F = random.random((3,3,1000,4))
%timeit hdinv(F)
  179 µs ± 4.49 µs per loop (mean ± std. dev. of 7 runs, 10000 loops each)

This is superb!!

Elrod · August 26, 2020, 7:42pm

3x3 matrix inversions don’t SIMD well, so it is faster when we vectorize across the stack:

using StaticArrays, BenchmarkTools

Asmat = rand(SMatrix{3,3,Float64,9}, 1000,4);
Bsmat = similar(A);
Aarray = permutedims(reshape(reinterpret(Float64, Asmat), (3,3,1000,4)), (3,4,1,2));
Barray = similar(Aarray);

Loop doing the inversions:

function many3x3inverts!(Y, X)
    @assert size(Y) === size(X)
    @assert size(Y,3) == size(Y,4) === 3
    @inbounds for j ∈ axes(Y,2); @simd ivdep for i ∈ axes(Y,1)
        
        X₁₁ = X[i,j,1,1]
        X₂₁ = X[i,j,2,1]
        X₃₁ = X[i,j,3,1]
        X₁₂ = X[i,j,1,2]
        X₂₂ = X[i,j,2,2]
        X₃₂ = X[i,j,3,2]
        X₁₃ = X[i,j,1,3]
        X₂₃ = X[i,j,2,3]
        X₃₃ = X[i,j,3,3]

        Y₁₁ = X₂₂*X₃₃ - X₂₃*X₃₂
        Y₂₁ = X₂₃*X₃₁ - X₂₁*X₃₃
        Y₃₁ = X₂₁*X₃₂ - X₂₂*X₃₁
        
        Y₁₂ = X₁₃*X₃₂ - X₁₂*X₃₃
        Y₂₂ = X₁₁*X₃₃ - X₁₃*X₃₁
        Y₃₂ = X₁₂*X₃₁ - X₁₁*X₃₂
        
        Y₁₃ = X₁₂*X₂₃ - X₁₃*X₂₂
        Y₂₃ = X₁₃*X₂₁ - X₁₁*X₂₃
        Y₃₃ = X₁₁*X₂₂ - X₁₂*X₂₁
        
        d = 1 / ( X₁₁*Y₁₁ + X₁₂*Y₂₁ + X₁₃*Y₃₁ )
        
        Y[i,j,1,1] = Y₁₁ * d
        Y[i,j,2,1] = Y₂₁ * d
        Y[i,j,3,1] = Y₃₁ * d
        Y[i,j,1,2] = Y₁₂ * d
        Y[i,j,2,2] = Y₂₂ * d
        Y[i,j,3,2] = Y₃₂ * d
        Y[i,j,1,3] = Y₁₃ * d
        Y[i,j,2,3] = Y₂₃ * d
        Y[i,j,3,3] = Y₃₃ * d

    end; end
end

Results:

julia> @btime $Bsmat .= inv.($Asmat);
  44.112 μs (0 allocations: 0 bytes)

julia> @btime many3x3inverts!($Barray, $Aarray)
  5.946 μs (0 allocations: 0 bytes)

julia> permutedims(reshape(reinterpret(Float64, Bsmat), (3,3,1000,4)), (3,4,1,2)) ≈ Barray
 true

EDIT: Also, it’d be better in general to flatten the first two dims to 4000x3x3 instead of 1000x4x3x3.

bhaveshshrimali · August 26, 2020, 8:39pm

Thanks for posting this.

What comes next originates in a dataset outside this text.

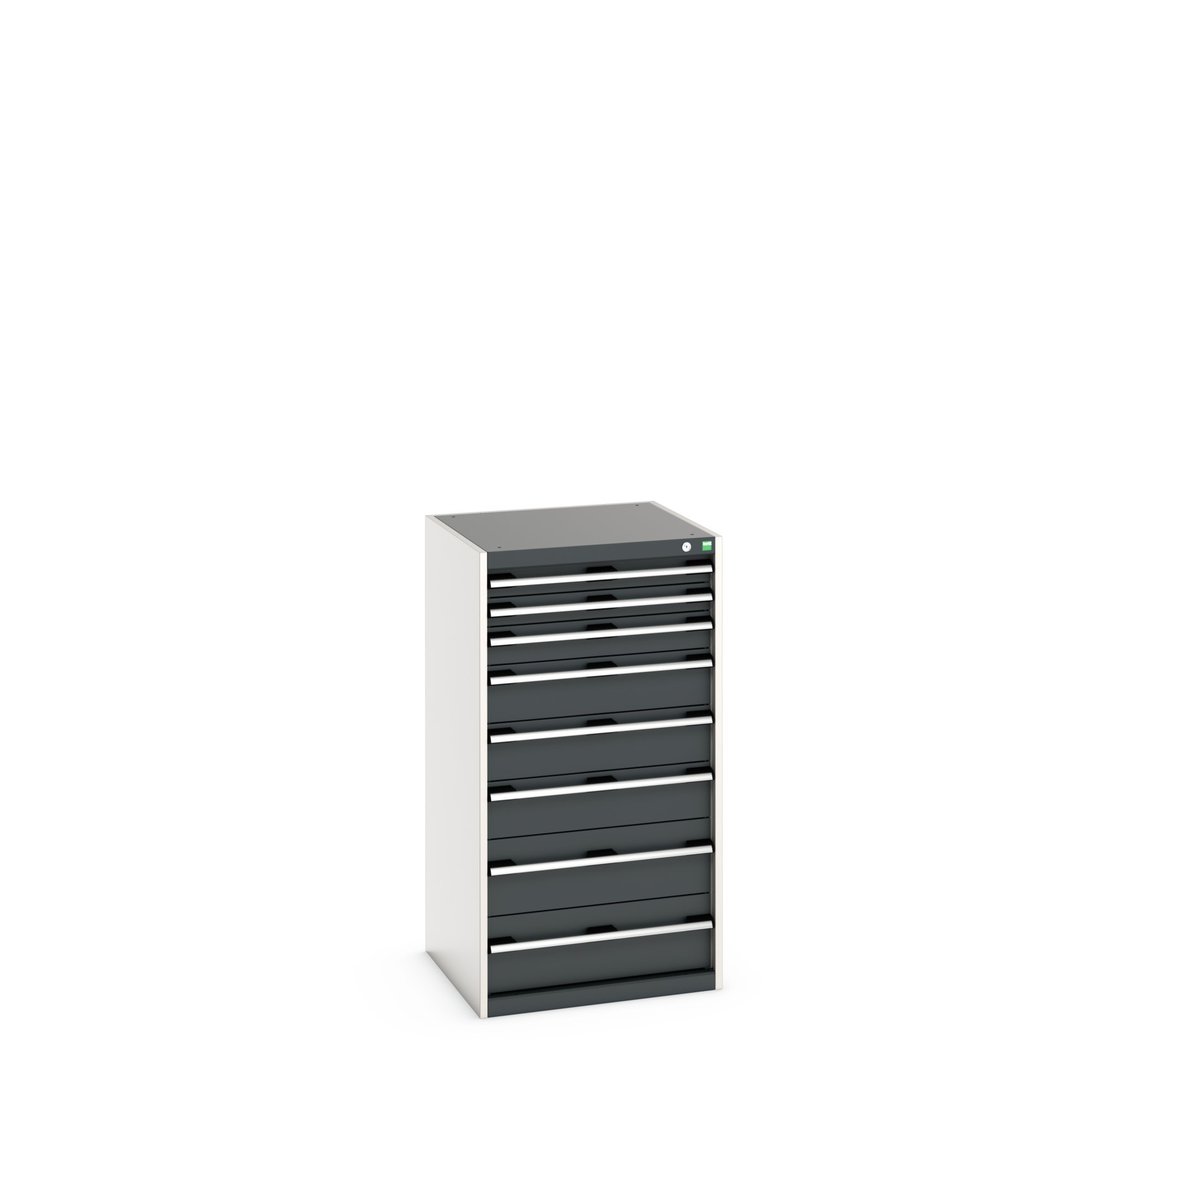 40019071. - cubio drawer cabinet

Coincidentally, I was trying to compare the previous versions with a numba-accelerated python version (just to see if LLVM made any difference) but now with this, Julia is about 6x faster

from numpy.linalg import inv as npinv
from numpy import zeros_like, einsum, random
from timeit import timeit
from numba import jit, prange

@jit(nopython=True, cache=True, nogil=True)
def vdet(F):
    J = zeros_like(F[0,0])
    for a in range(J.shape[0]):
        for b in range(J.shape[1]):
            J[a,b] += F[0, 0, a, b] * (F[1, 1, a, b] * F[2, 2, a, b] -
                                        F[1, 2, a, b] * F[2, 1, a, b]) -\
                    F[0, 1, a, b] * (F[1, 0, a, b] * F[2, 2, a, b] -
                                        F[1, 2, a, b] * F[2, 0, a, b]) +\
                    F[0, 2, a, b] * (F[1, 0,a ,b] * F[2, 1, a, b] -
                                        F[1, 1, a, b] * F[2, 0, a, b])
    return J


@jit(nopython=True, cache=True, nogil=True)
def vinv(F):
    J = vdet(F)
    Finv = zeros_like(F)
    for a in range(J.shape[0]):
        for b in range(J.shape[1]):
            Finv[0, 0, a, b] += (-F[1, 2, a, b] * F[2, 1, a, b] +
                                F[1, 1, a, b] * F[2, 2, a, b]) / J[a, b]
            Finv[1, 0, a, b] += (F[1, 2, a, b] * F[2, 0, a, b] -
                                F[1, 0, a, b] * F[2, 2, a, b]) / J[a, b]
            Finv[2, 0, a, b] += (-F[1, 1, a, b] * F[2, 0, a, b] +
                                F[1, 0, a, b] * F[2, 1, a, b]) / J[a, b]
            Finv[0, 1, a, b] += (F[0, 2, a, b] * F[2, 1, a, b] -
                                F[0, 1, a, b] * F[2, 2, a, b]) / J[a, b]
            Finv[1, 1, a, b] += (-F[0, 2, a, b] * F[2, 0, a, b] +
                                F[0, 0, a, b] * F[2, 2, a, b]) / J[a, b]
            Finv[2, 1, a, b] += (F[0, 1, a, b] * F[2, 0, a, b] -
                                F[0, 0, a, b] * F[2, 1, a, b]) / J[a, b]
            Finv[0, 2, a, b] += (-F[0, 2, a, b] * F[1, 1, a, b] +
                                F[0, 1, a, b] * F[1, 2, a, b]) / J[a, b]
            Finv[1, 2, a, b] += (F[0, 2, a, b] * F[1, 0, a, b] -
                                F[0, 0, a, b] * F[1, 2, a, b]) / J[a, b]
            Finv[2, 2, a, b] += (-F[0, 1, a, b] * F[1, 0, a, b] +
                                F[0, 0, a, b] * F[1, 1, a, b]) / J[a, b]
    return Finv

%timeit vinv(F)
  69.3 µs ± 1.56 µs per loop (mean ± std. dev. of 7 runs, 10000 loops each)

vs your code

julia> @btime many3x3inverts!($Barray, $Aarray)
  10.399 μs (0 allocations: 0 bytes)

It’s notoriously fast. Thanks for such an enlightening discussion.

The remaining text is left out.